• WHAT YOU NEED TO DO:
Repeat only the stretch of lines below that runs from the line with "0603 0805 1206" through the line with "How to Decorate", unaltered.

• DATASET RECORDS:
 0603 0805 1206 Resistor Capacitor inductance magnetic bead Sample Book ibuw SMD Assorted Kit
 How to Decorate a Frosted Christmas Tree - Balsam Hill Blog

...

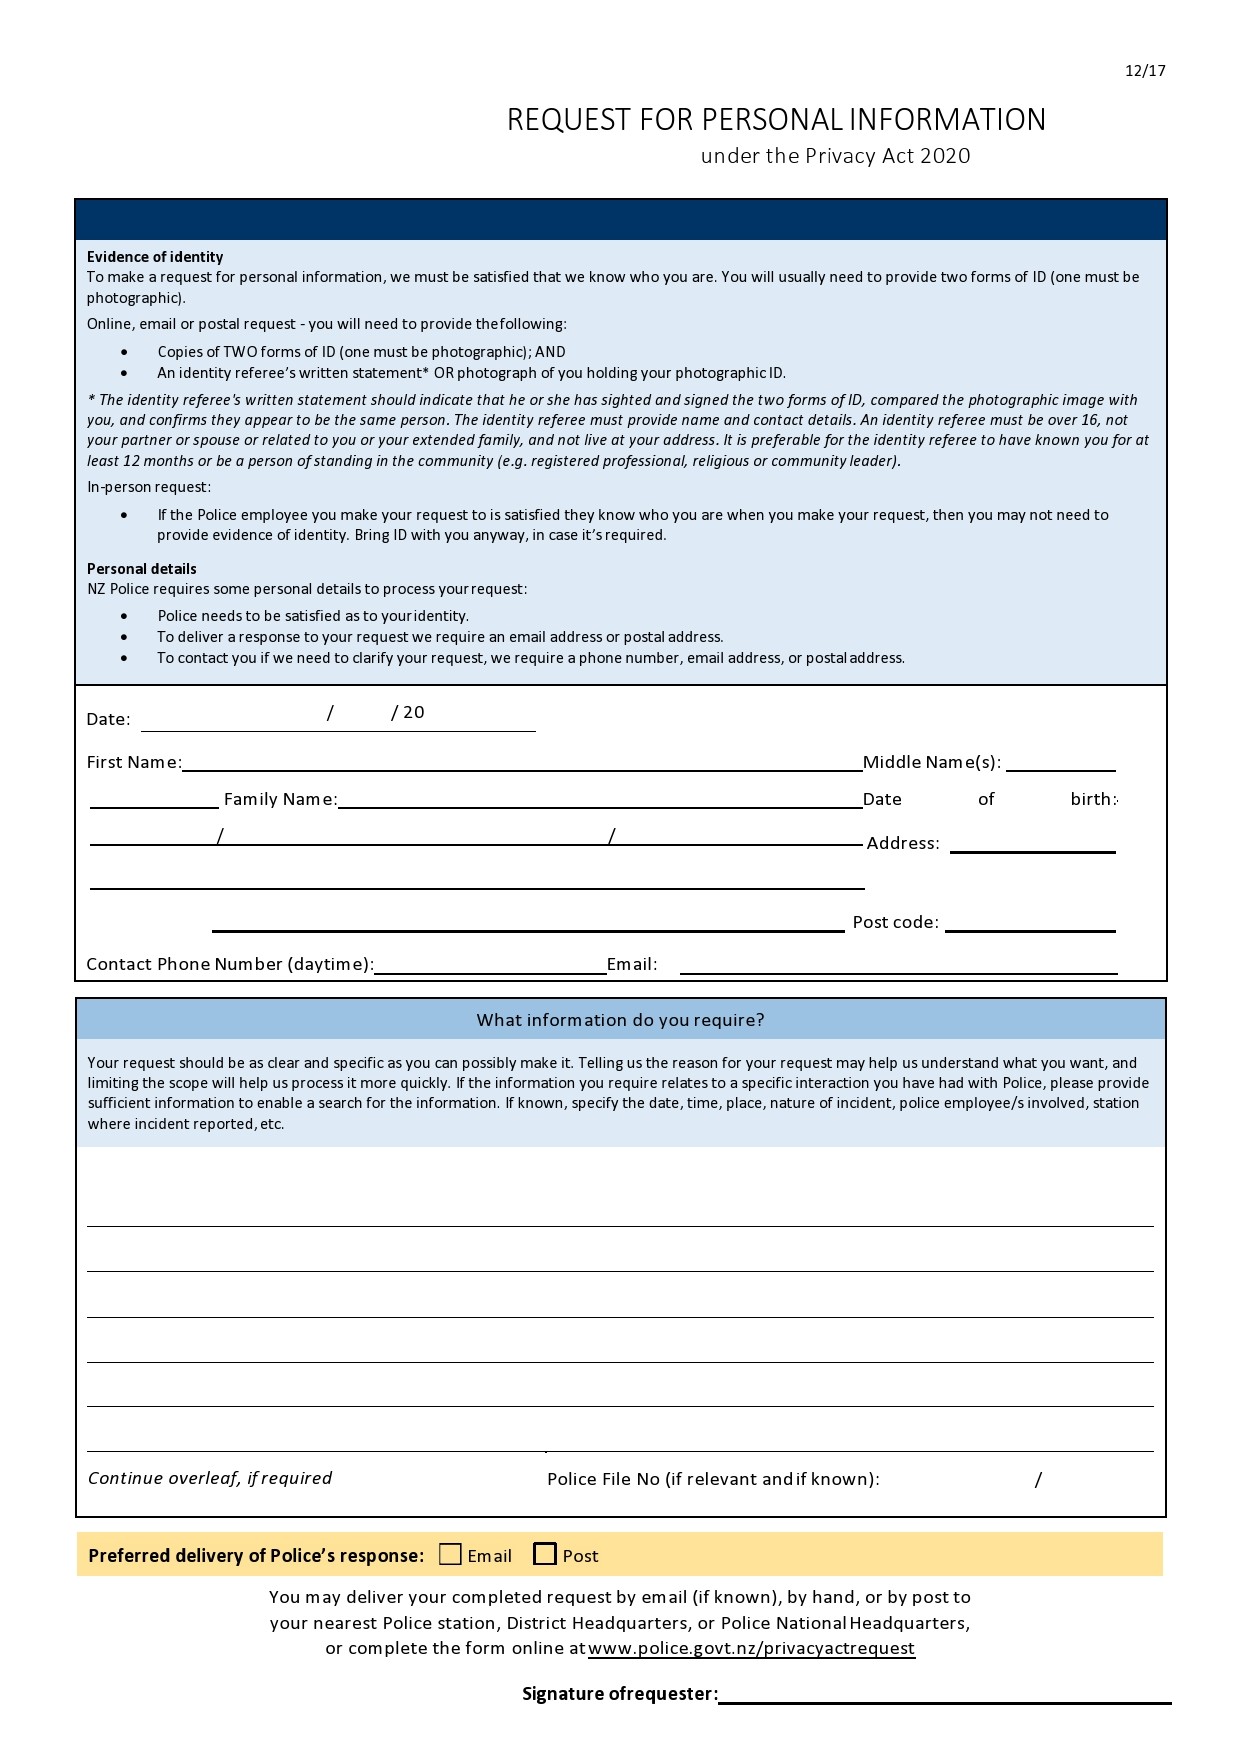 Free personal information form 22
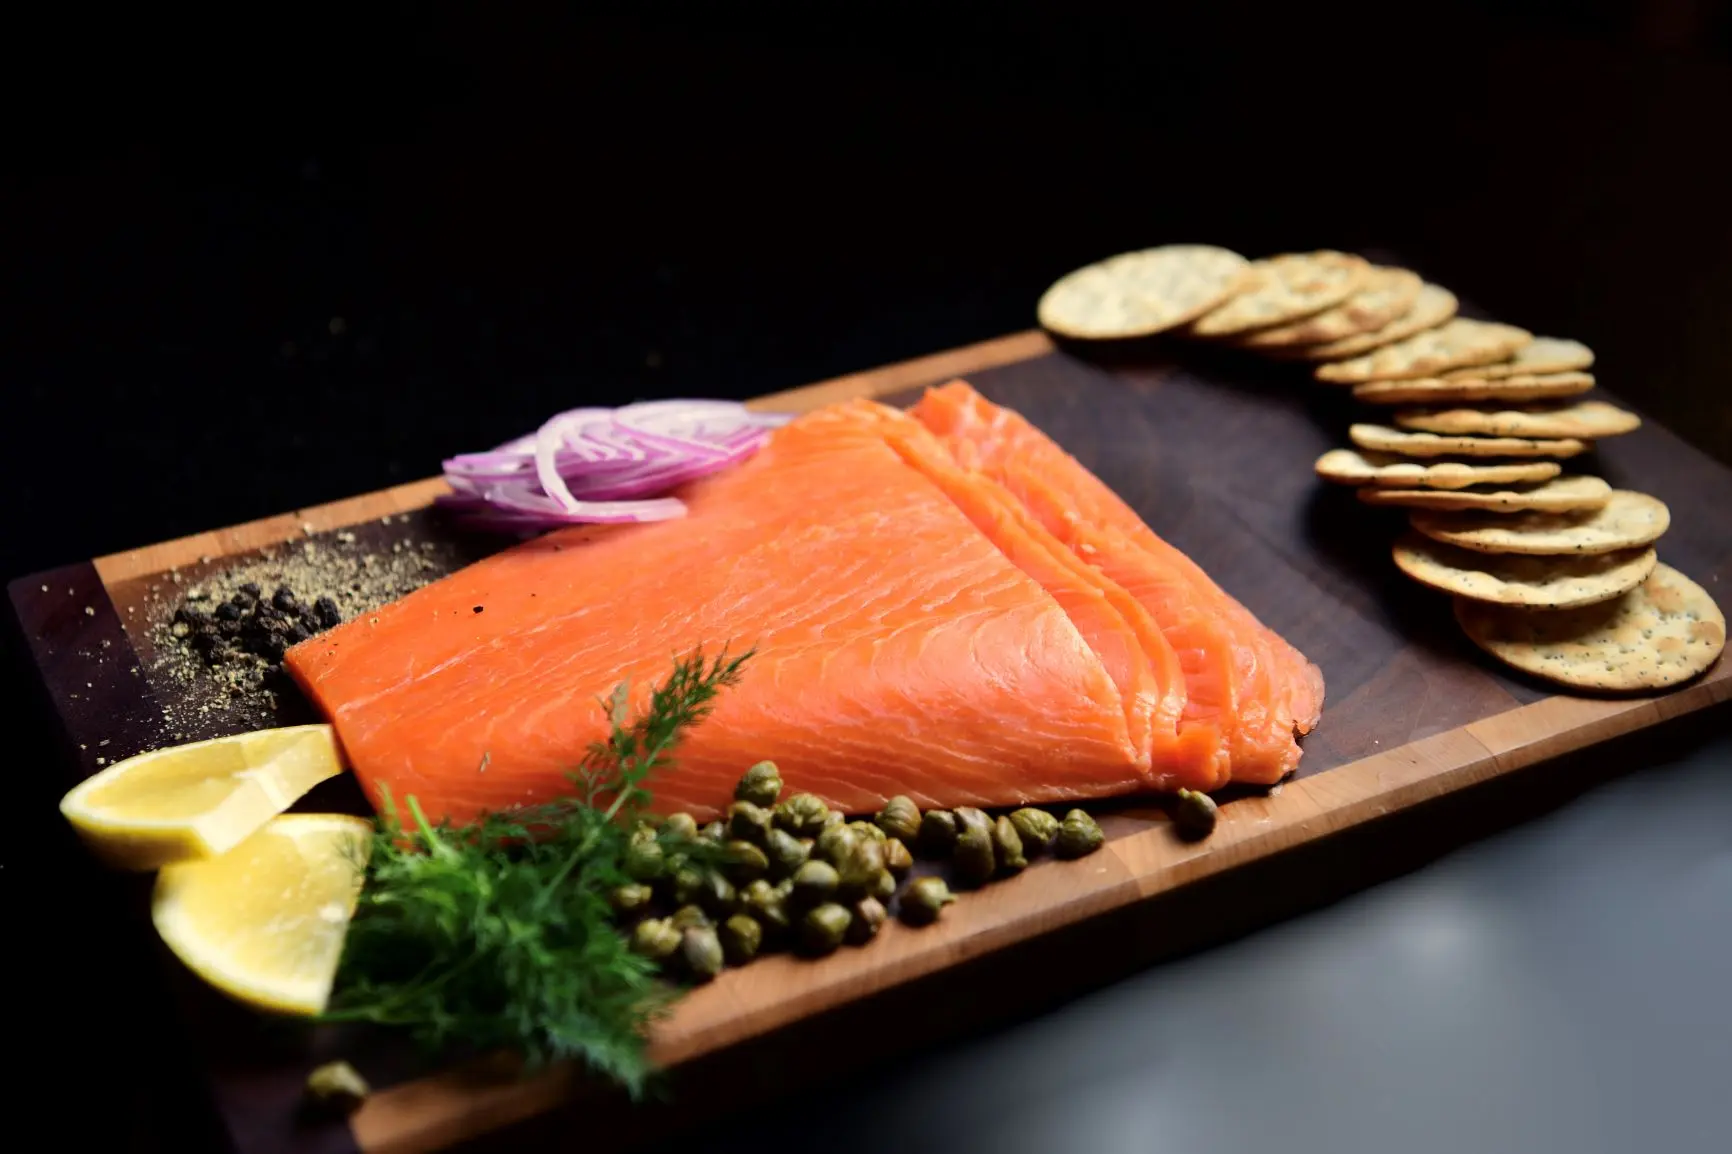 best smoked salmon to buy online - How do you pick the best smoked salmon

• SOLVED EXERCISE:
 0603 0805 1206 Resistor Capacitor inductance magnetic bead Sample Book ibuw SMD Assorted Kit
 How to Decorate a Frosted Christmas Tree - Balsam Hill Blog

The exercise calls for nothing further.